The addition of Tekel’s portfolio will provide a stronger platform for the growth of our International Brands such as Kent, Pall Mall and Vogue in the Turkish market. We expect to achieve significant one-off benefits in addition to the expected cost savings and the transaction, which will also be financed with a committed bank facility, should be earnings enhancing from 2009.
During the year, we repurchased some 45 million shares at a cost of £750 million and at an average price of £16.57. Over the past five years, we have returned almost £3 billion to shareholders in share buy-backs. However, in view of our refinancing plans following the Tekel and ST transactions, we have decided to scale back the 2008 share buy-back to some £400 million with a view to maintaining our credit rating. We will keep the level under review, as we intend to return to the higher level of £750 million announced last year in due course.
Once again, following discussions with the Takeover Panel, the Company will be asking independent shareholders at the Annual General Meeting (AGM) to waive the requirement for R&R Holdings S.A. (R&R) to make a bid for the remaining shares in British American Tobacco, should their combined interest, which currently stands at 29.95 per cent, reach or exceed 30 per cent as a result of our share buy-back programme.
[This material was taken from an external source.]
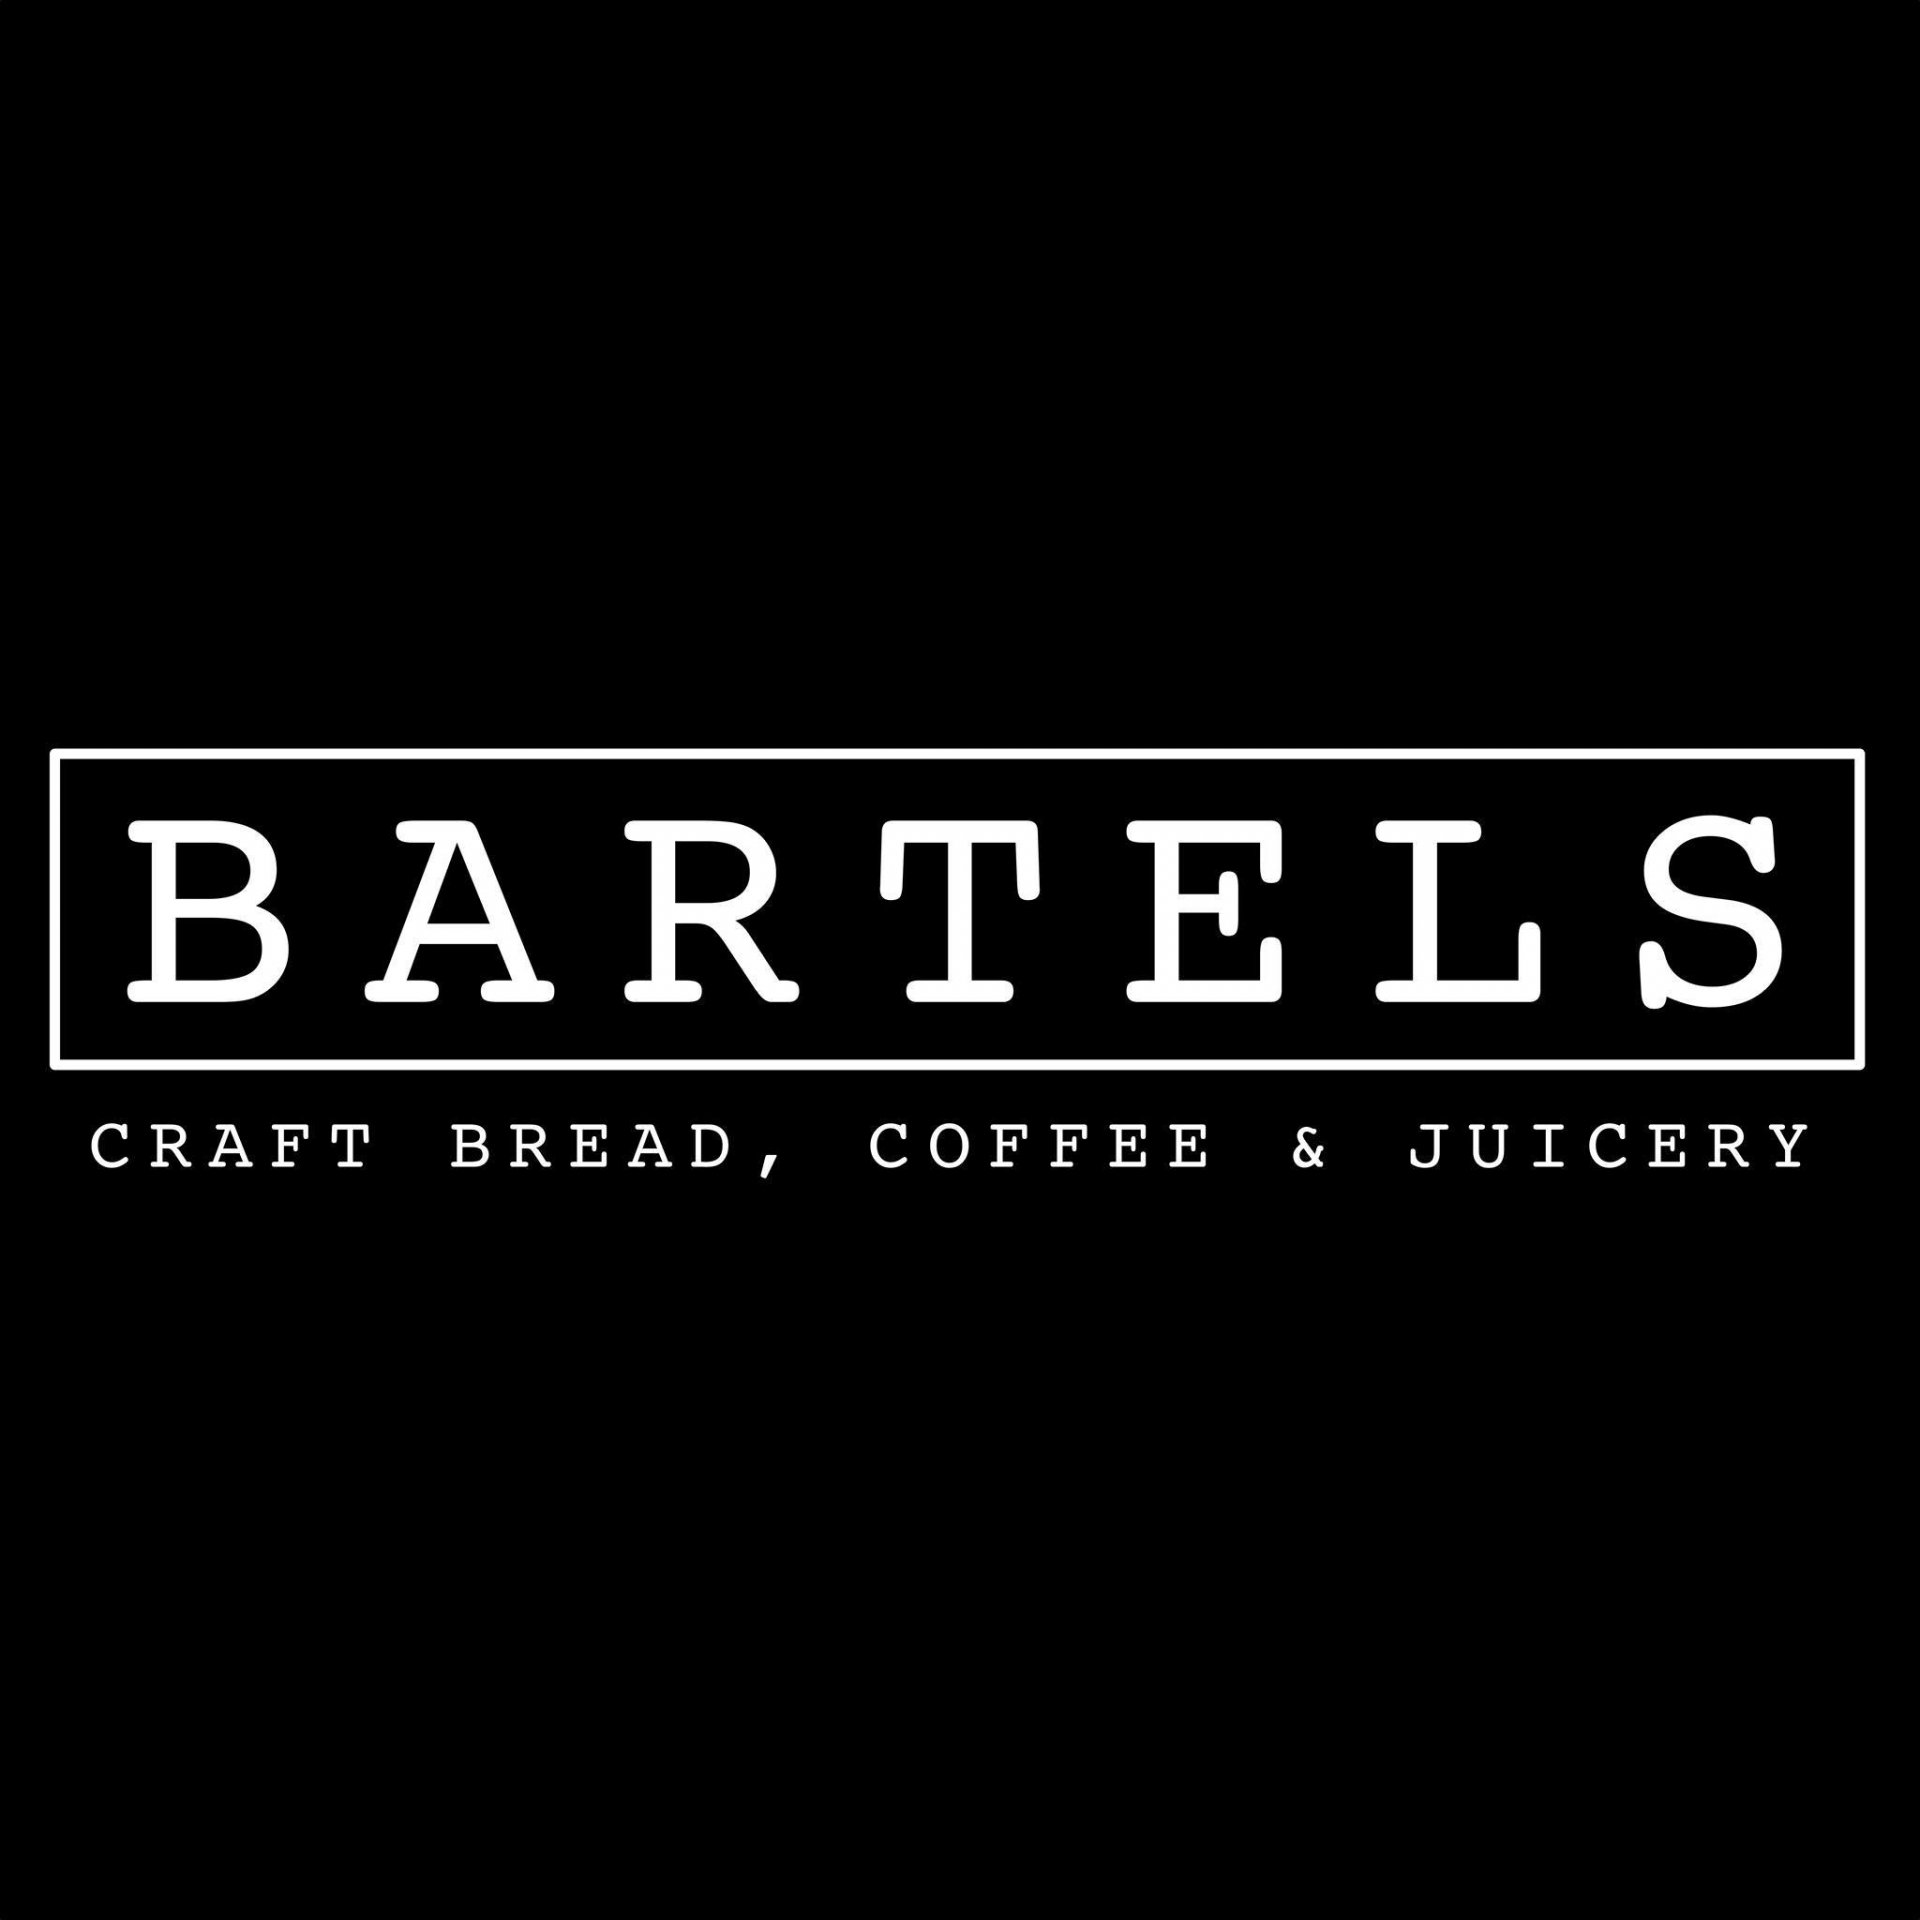 Bartels Craft Bread, Coffee & Juicery

In November 2007, Richemont and Remgro made preliminary announcements that they were considering restructurings that might entail providing their respective shareholders with the option of becoming direct shareholders in British American Tobacco. We have agreed, if requested, to obtain a secondary listing for our ordinary shares on the Johannesburg Stock Exchange with a view to facilitating any such restructurings.
Increase in dividend per share declared
Shareholders may remember that last year the Board announced a phased increase in the dividend payout ratio, which is planned to reach 65 per cent of long term sustainable earnings in 2008. The Board is therefore proposing a final dividend for 2007 of 47.60p, taking the total for the year to 66.20p, an increase of 18 per cent, representing a payout ratio of 61 per cent. Over the past five years, we have achieved compound dividend growth of 13 per cent.
There have been a number of changes to the Board during 2007. Antonio Monteiro de Castro retired following an outstandingly successful period as Chief Operating Officer and was replaced by Nicandro Durante. We have also announced that Paul Rayner will be retiring as Finance Director at the AGM, as he needs to return to Australia for family reasons. Our thoughts are very much with Paul and his family at this difficult time. I would like to thank him for his tremendous contribution to the Group over many years. Paul will be succeeded by Ben Stevens, currently Regional Director, Europe.
Amongst the Non-Executive Directors, Piet Beyers retired in June and Karen de Segundo and Christine Morin-Postel were appointed in October. Ken Clarke will be retiring from the Board at the AGM, having served since 1998. We will miss his wise counsel very much indeed. Ken will be succeeded as Senior Independent Director by Sir Nick Scheele.
At a time of considerable economic and financial uncertainty around the world, British American Tobacco is in good shape. Over the past five years, we have delivered significant shareholder value with a total return of 294 per cent, compared to 89 per cent for the FTSE 100 as a whole.